AIM OF THE TASK: I'd like the data beneath this line reproduced exactly, without any of its images.

DATA BLOCK:
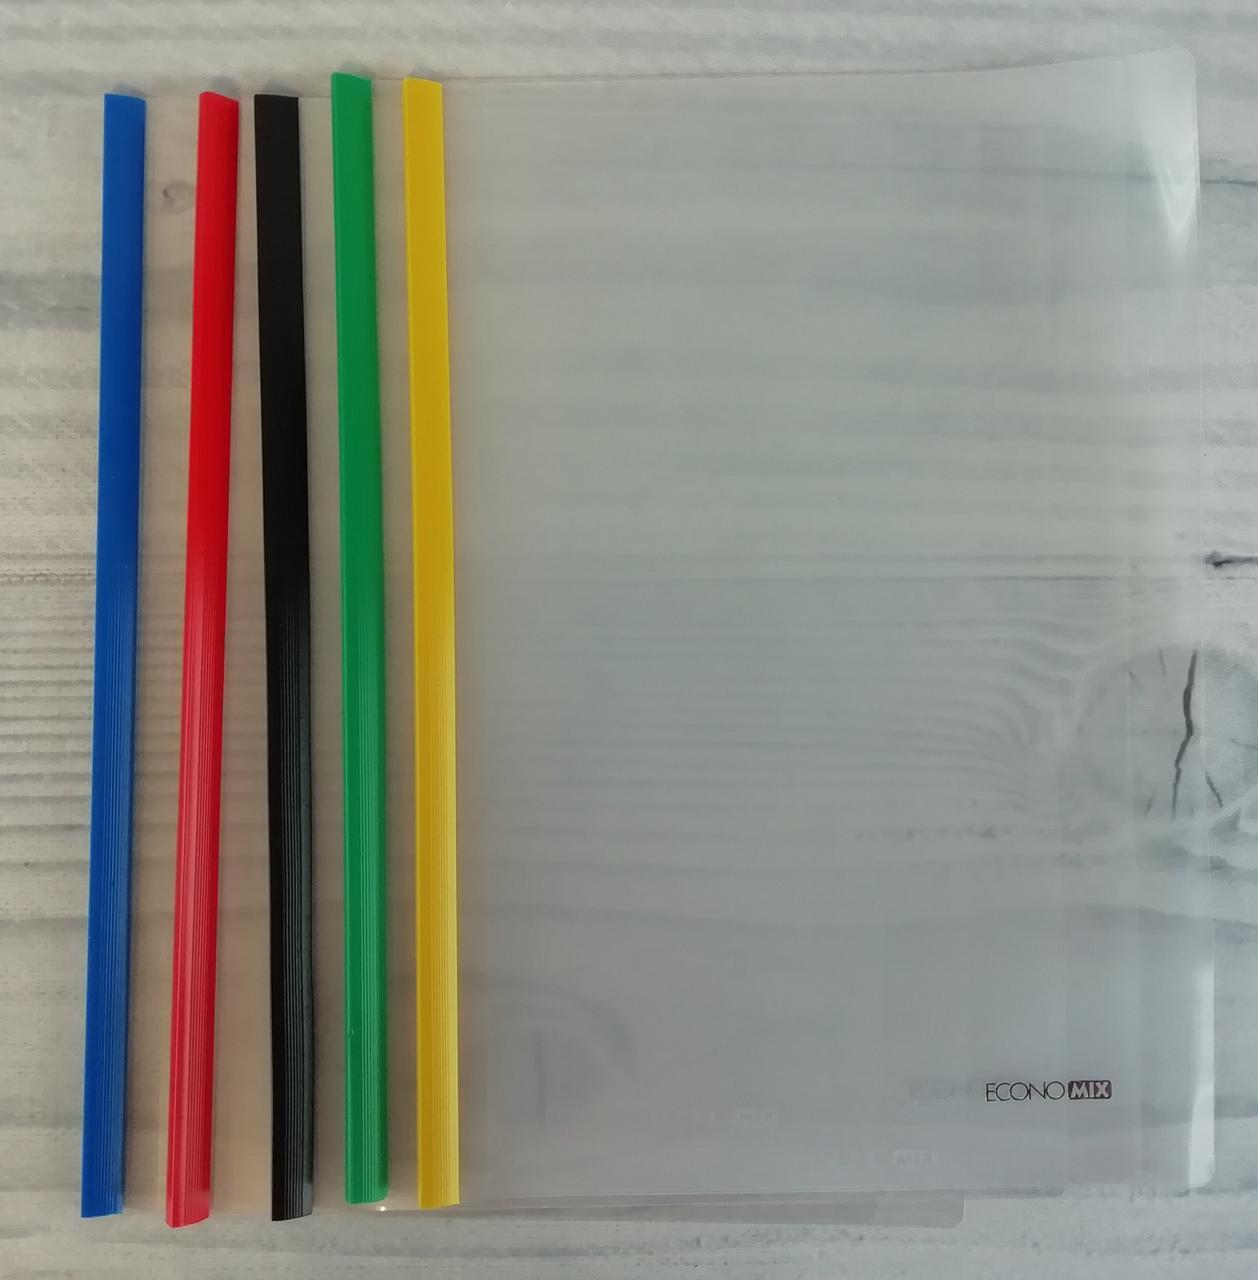 Папка с планкой А4 2-35 6мм Е31204 62668 Economix Китай
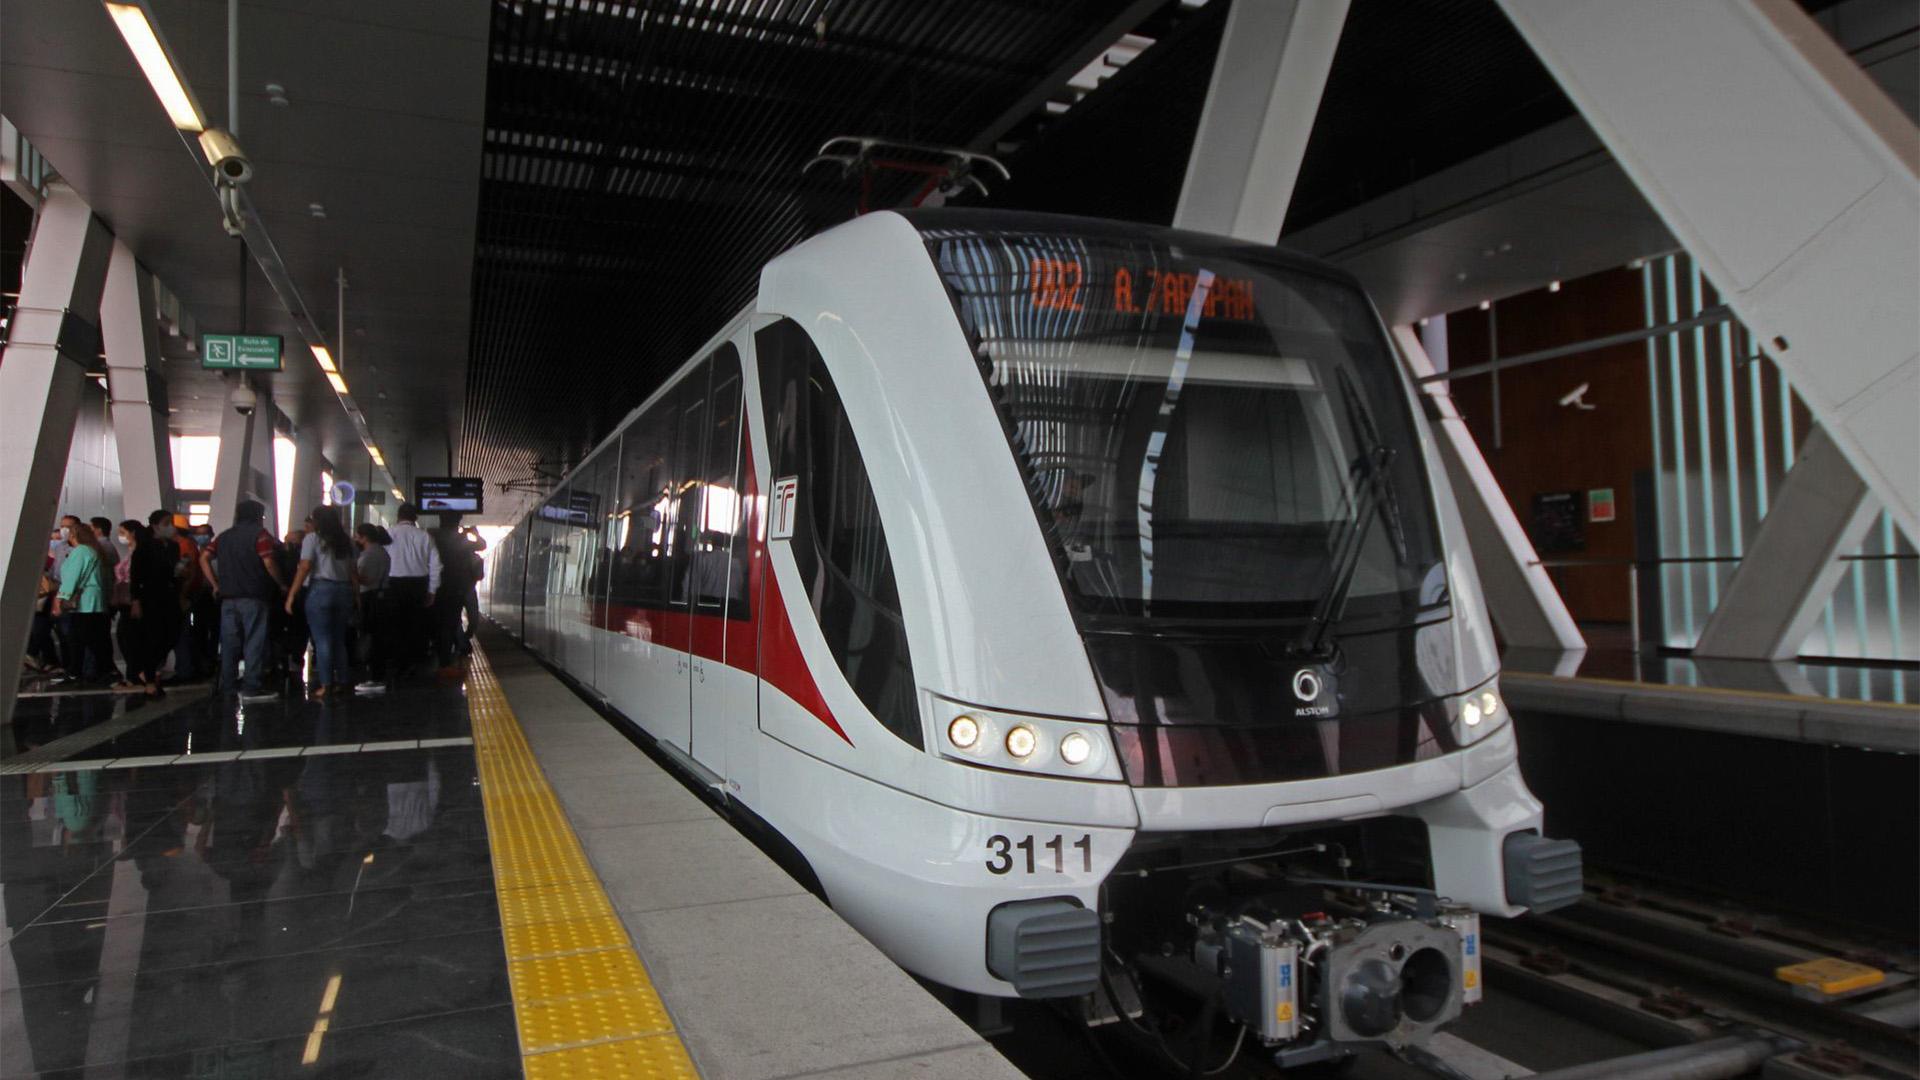 Personas invitadas al recorrido bajan del tren ligero en una de las estaciones por la cuales se realizo dicho recorrido (Foto: Cuartoscuro)
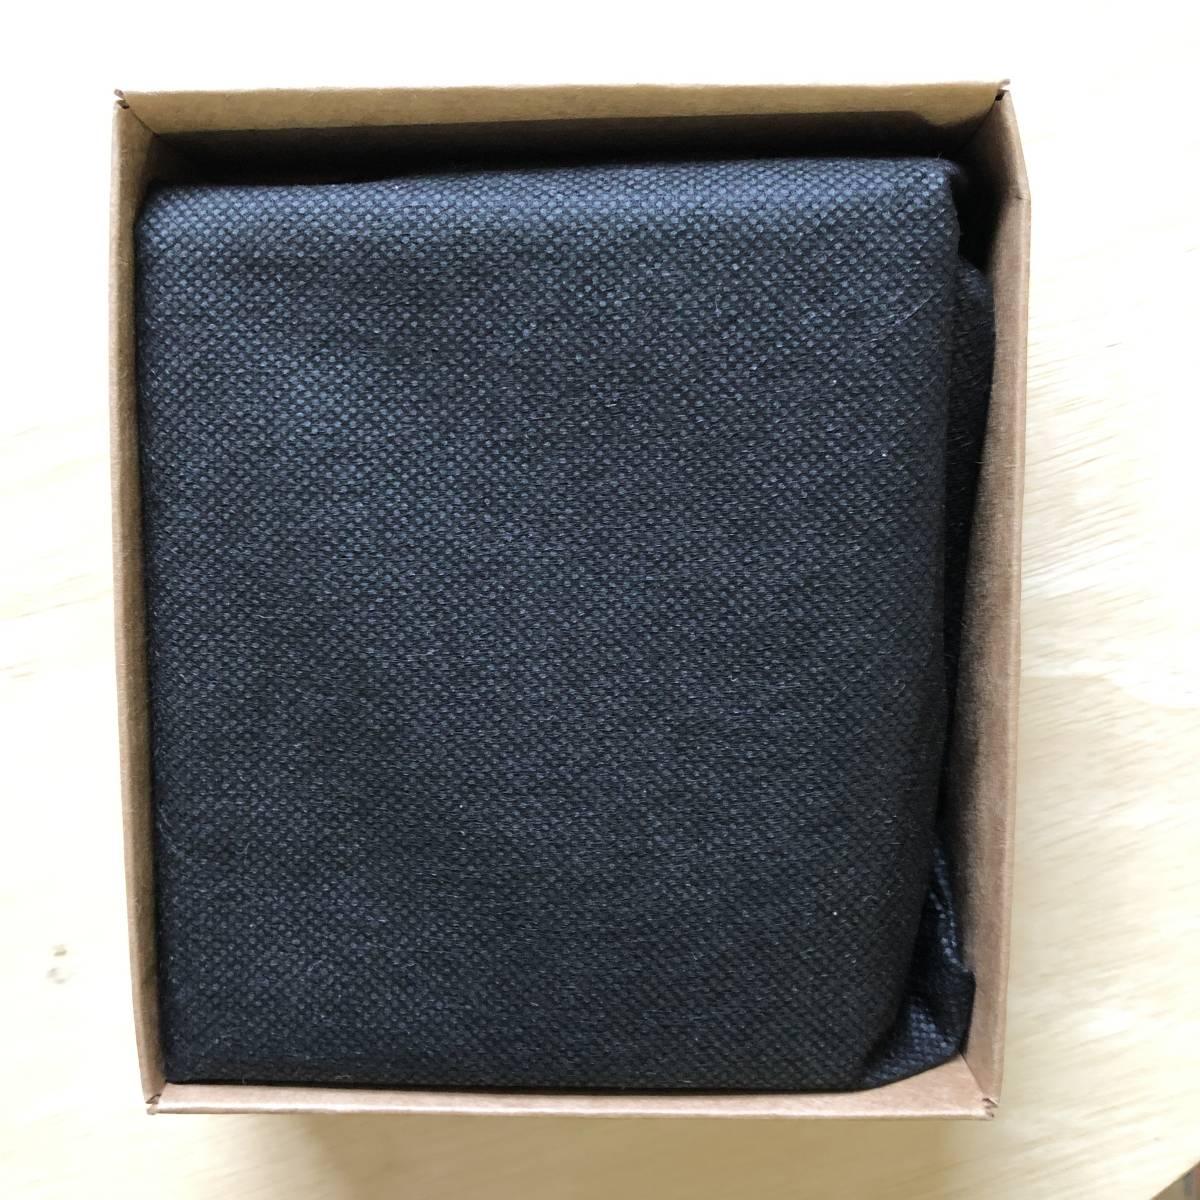 父の日のプレゼントに 無印良品 二つ折り財布 イタリア産ヌメ革 コインポケット付 黒 新品未使用_画像2
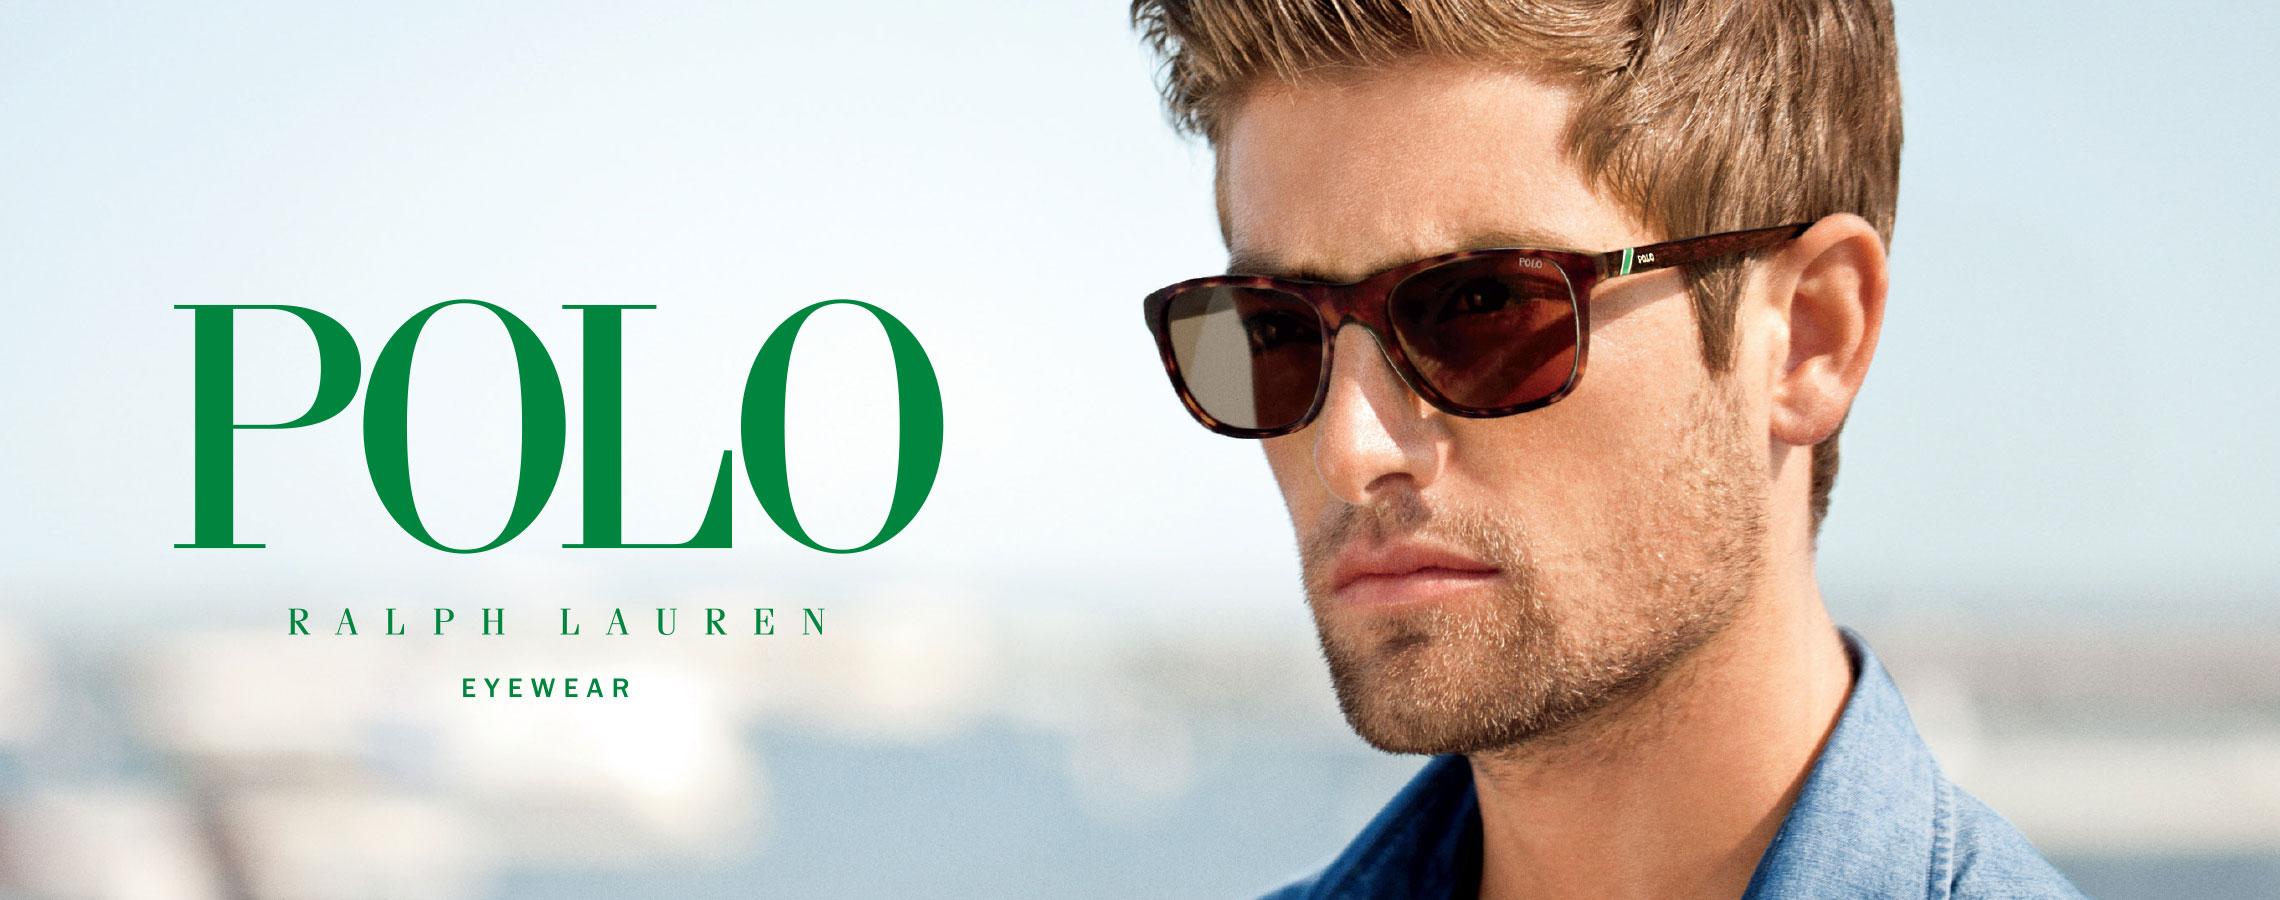 Polo-Ralph-Lauren-Eyewear

TASK SOLUTION:
 Папка с планкой А4 2-35 6мм Е31204 62668 Economix Китай
 Personas invitadas al recorrido bajan del tren ligero en una de las estaciones por la cuales se realizo dicho recorrido (Foto: Cuartoscuro)
 父の日のプレゼントに 無印良品 二つ折り財布 イタリア産ヌメ革 コインポケット付 黒 新品未使用_画像2
 Polo-Ralph-Lauren-Eyewear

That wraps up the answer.